Chai Ling, herself an escaped dissident and the founder of an advocacy group called “All Girls Allowed,” which opposes China’s one-child policy, told the committee how disappointed she was in the U.S. reaction to Chen’s escape from captivity to the U.S. Embassy in Beijing: “Several days ago, an American official casually told the New York Times, ‘The days of blowing up the relationship [with China] over a single guy are over.’ It grieves me to hear Chen dismissively referred to as ‘a single guy.’ He is one man, it’s true. But he is a symbol — a hero — in the eyes of women, children and the poor in China.”

Then Chen, who still hopes to come to the United States with his family, called into the hearing via cellphone and described how the home of his older brother, Chen Guangfu, had been broken into by police who beat him and his son, Chen Kegui. When the younger man fought back, Chen Guangcheng said, police charged him with attempted homicide.

“My elder brother was taken away by these thugs without any reasoning and then they came back and started beating my nephew, using sticks, violently beating him up. For three hours, the bleeding on his head and face did not stop. It was so violent he had to defend himself.”

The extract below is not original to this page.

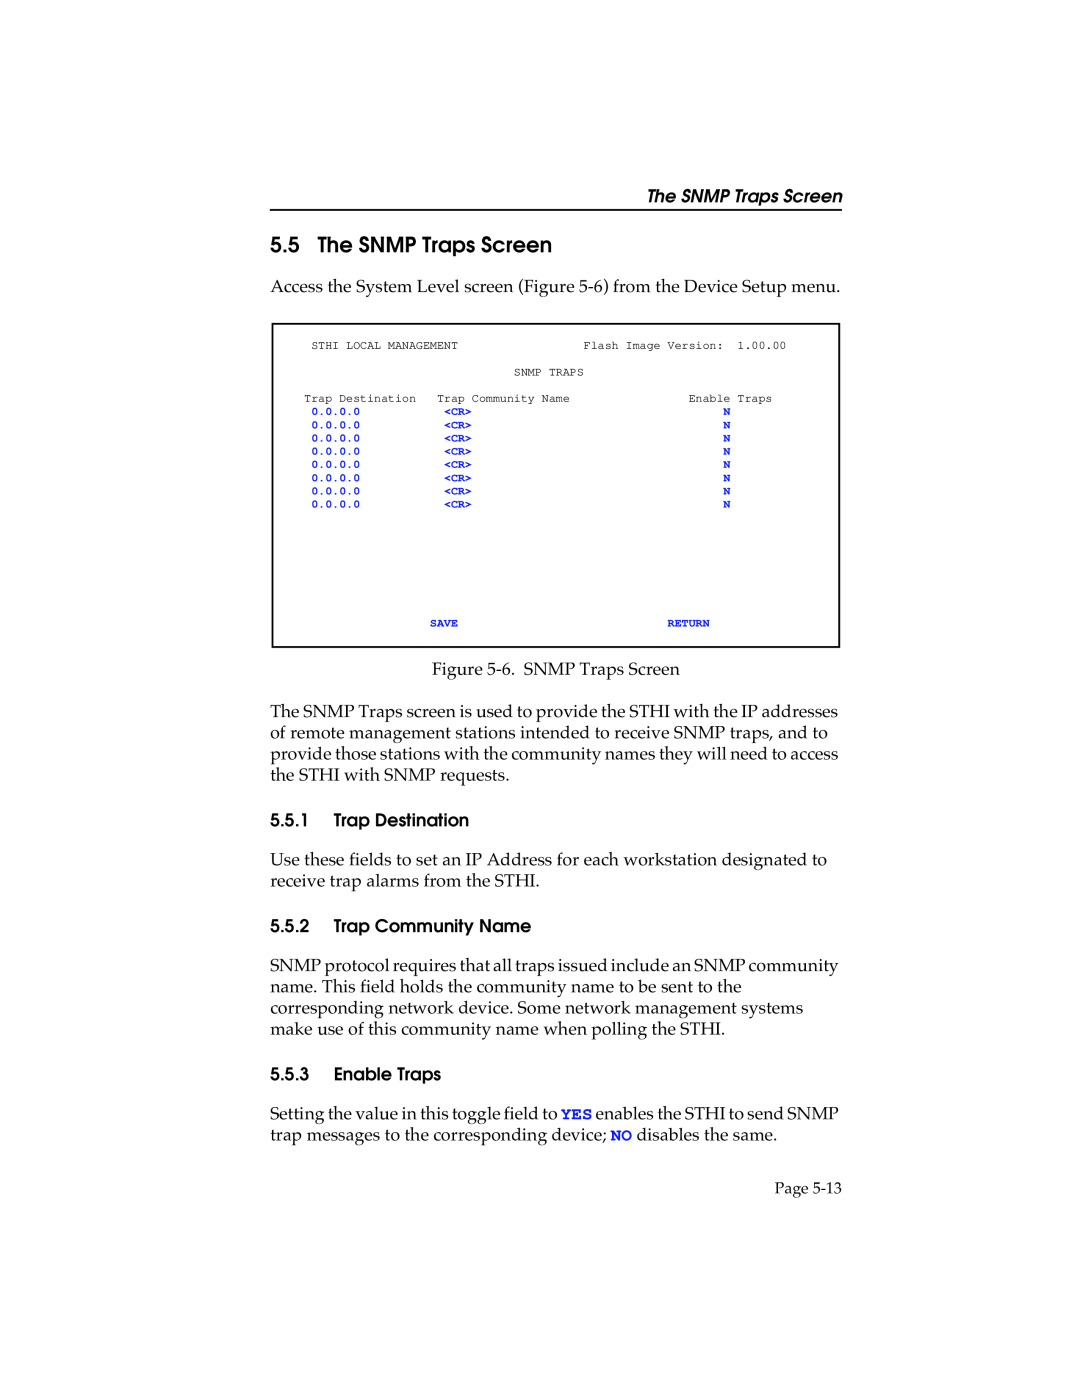 Cabletron Systems STHI manual The SNMP Traps Screen, 6. SNMP Traps Screen

As Chen spoke, his supporters gathered around subcommittee Chairman Chris Smith (R-N.J.) to hear the phone call better, and took turns telling Chen they were praying for him. Chen has told friends that he has been allowed to fill out an application for a passport, and hopes to be allowed to travel within the next two weeks.

In the United States, much of the support for Chen has come from those who oppose abortion. But where are the abortion rights supporters? There is so much talk about the search for common ground on the abortion issue — sincere talk, I believe. But if the brutal oppression of women robbed of any semblance of “choice” isn’t something we can all agree on, I don’t know what would be.